More singing followed, with neither musician doing anything to improve the sound, and there was more crying out in praise.

I could feel Mrs H. beside me almost willing me to go to the front and accept Jesus as my saviour and precious redeemer, but the appalling clarinettist and excruciating guitarist were getting to me so much that I wanted to run for my life. Bad instrumentalists are painful to anyone and these two were agony personified. The piano stood empty, with what I took to be gospel sheet music resting on the stand above the keyboard. I could sight-read just about anything, and judging from the tunes we’d sung so far there was nothing difficult about the music, so I rose to a tremendous shout of
‘Hallelujah! Praise His precious name!’
from Mrs Henderson, who, thinking she’d brought me to her redeemer, clasped her hands in joy.

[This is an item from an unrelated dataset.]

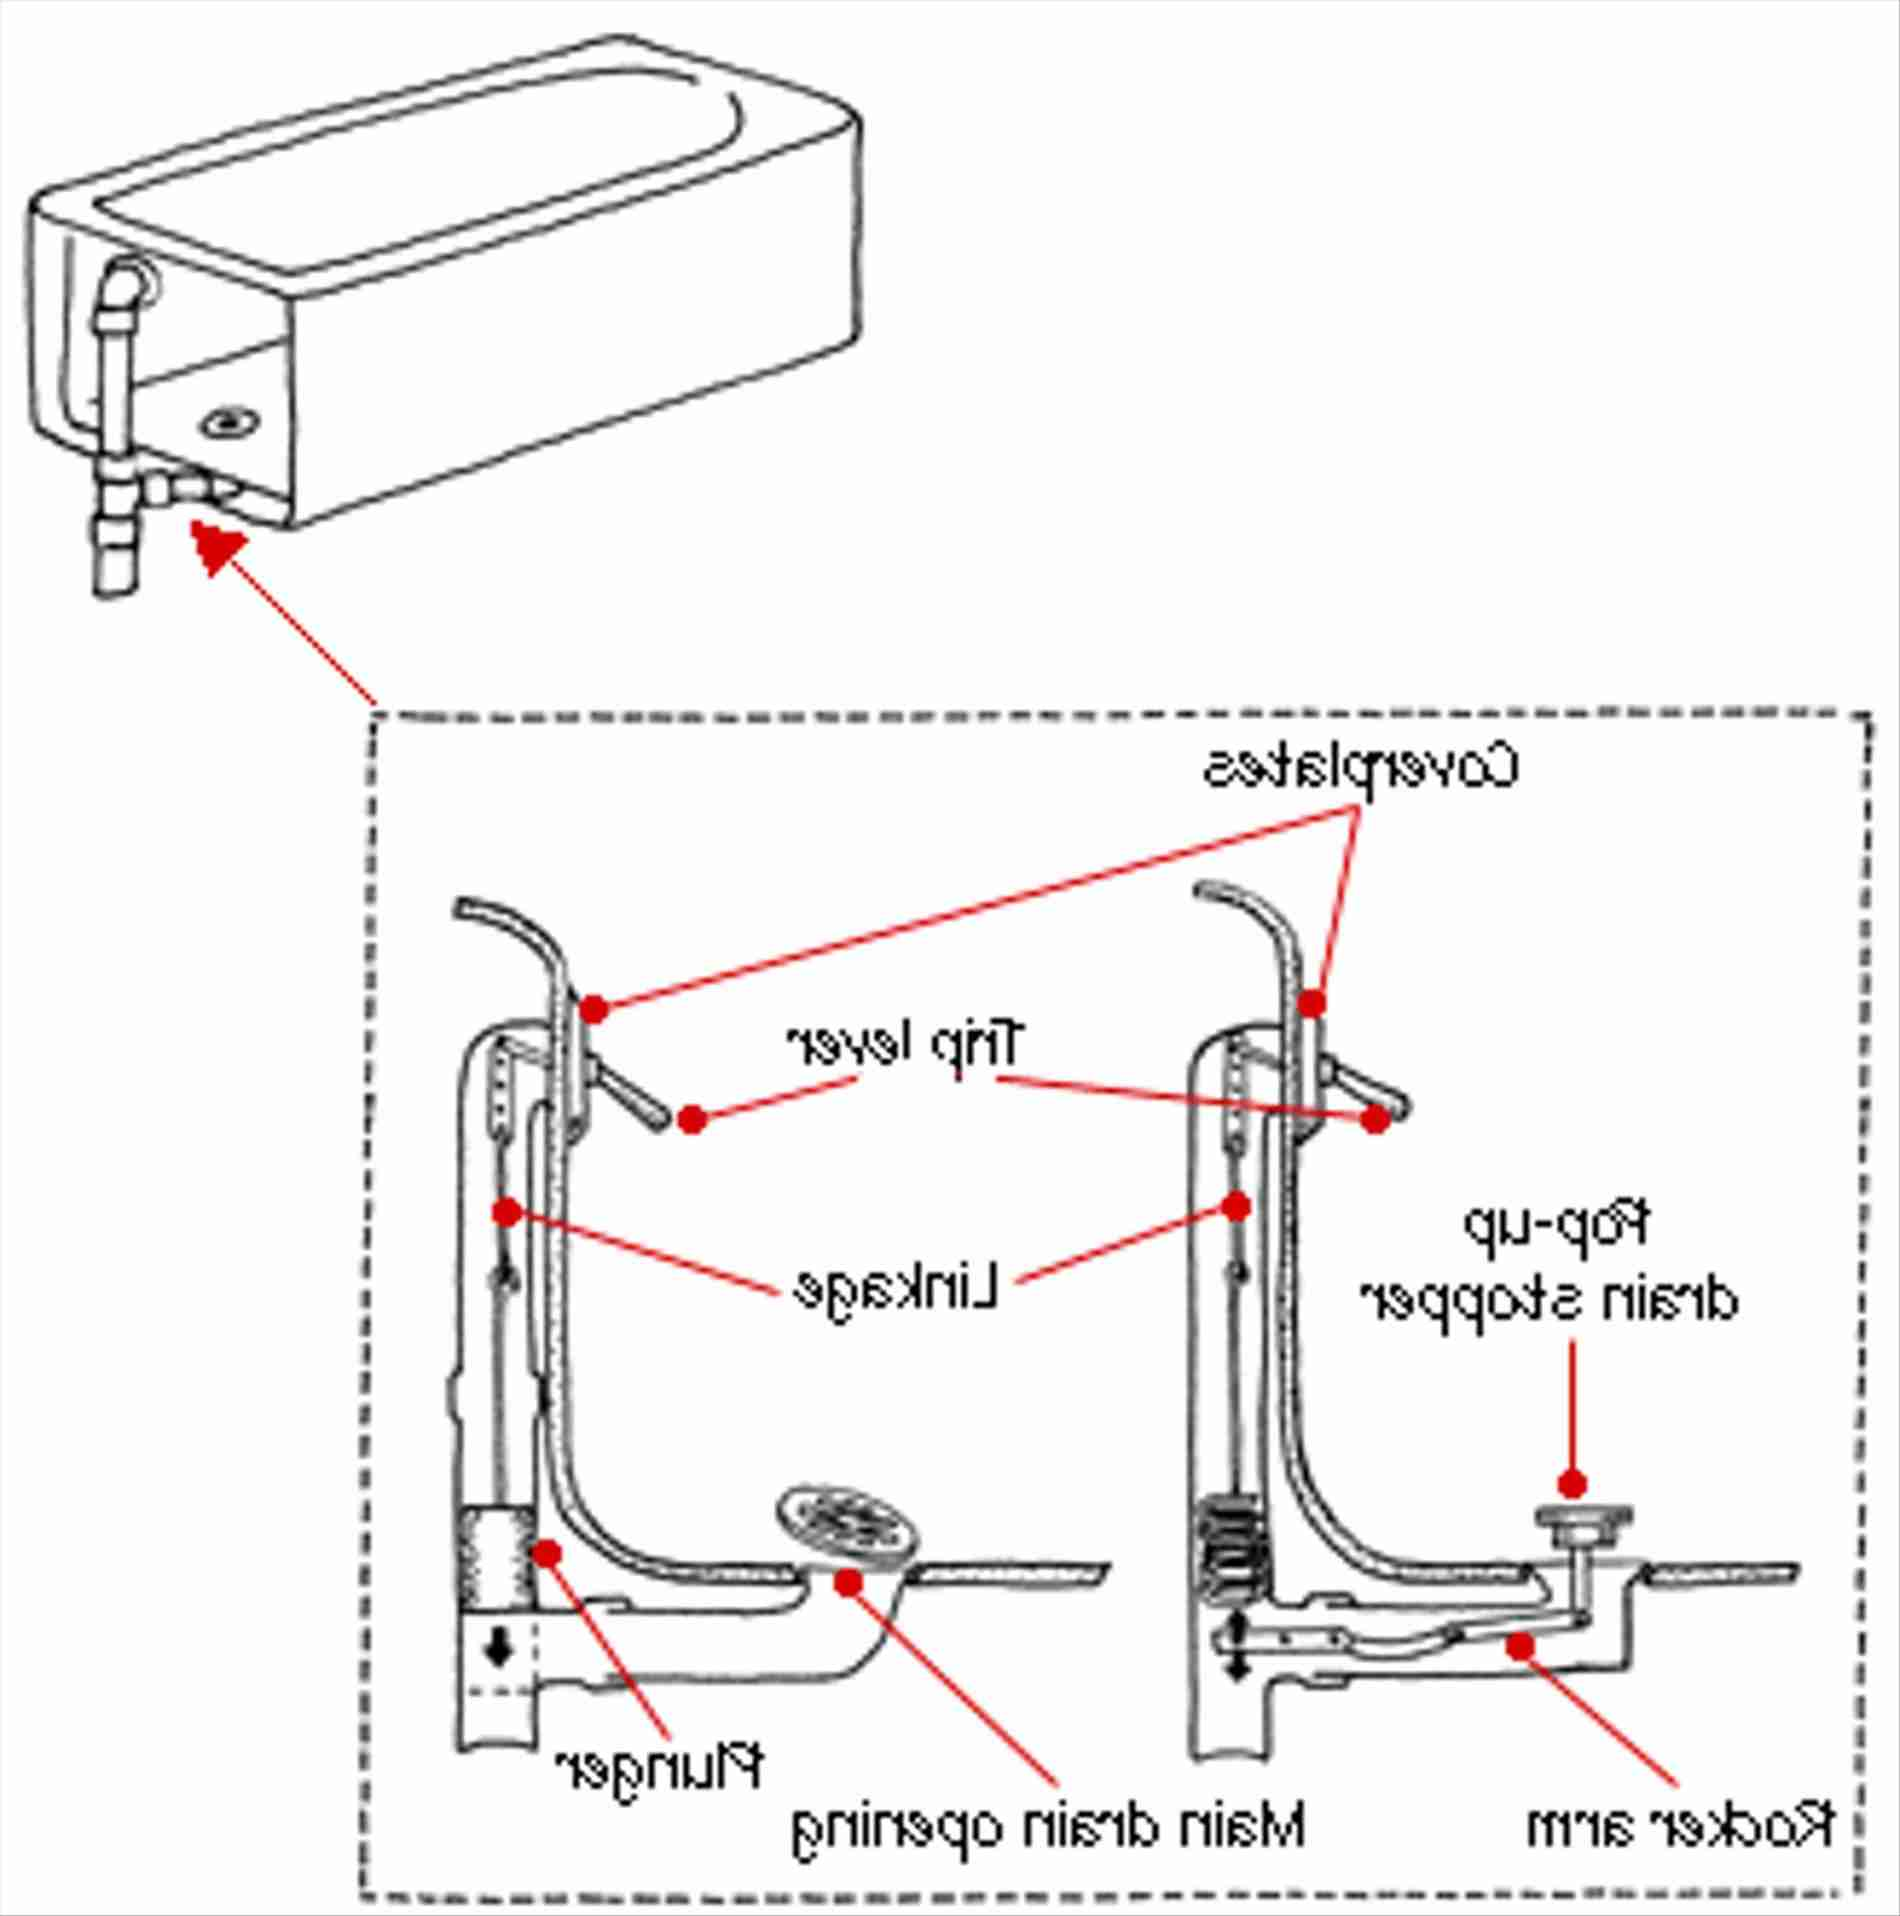 Diagram Whirlpool Bathtub Wiring Diagram Full Version Hd Quality Wiring Diagram Diagramm Discountdellapiastrella It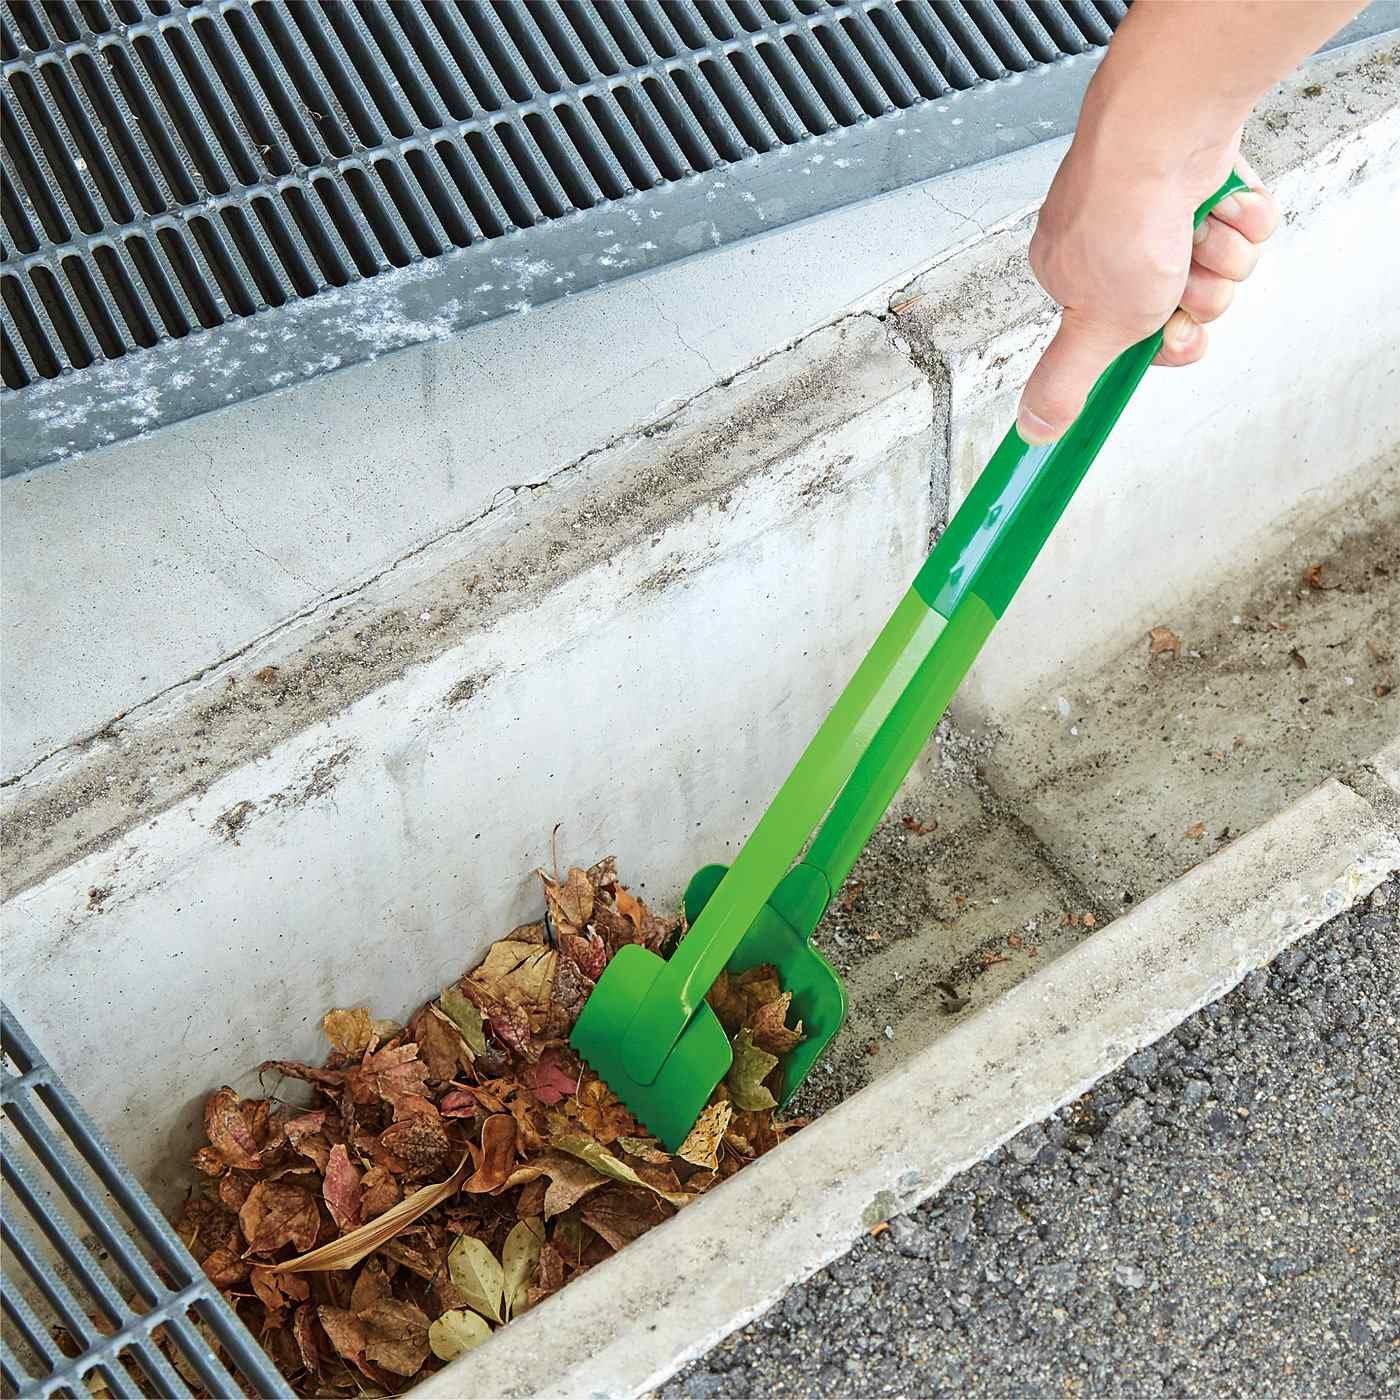 溝にたまったゴミや土をごっそり スコップとはさみがひとつになったスコピック

Instead I made my way to the piano, glanced at the music and began to play ‘Nothing but the Blood of Jesus’, which was taken up happily by the congregation. ‘On Christ the Solid Rock I Stand’ followed, with Pastor Mullens beaming at me. I played several others over the next hour, interspersed with messages, speaking in tongues, and urgings to accept Jesus into our lives. Two songs I remember were ‘I Have Decided to Follow Jesus’ and ‘There’s Room at the Cross’. Fortunately my playing was too accomplished for the other musicians to follow me, and they laid down their instruments and quietly resumed their seats. Finally, and to my surprise, I found ‘When the Saints Go Marching In’, a piece Joe had long since taught me to play with a very black feel. To my surprise the congregation took it up with alacrity, clapping their hands, and even dancing on the spot in a couple of cases. This seemed to signal the end of the revival meeting and the pastor concluded with a prayer of thanks for the six precious souls who had given their lives to the Lord, then a general blessing –
Go forth in the light of the Lord
. We all left the church then and spilled out onto the sidewalk, filled with the glory.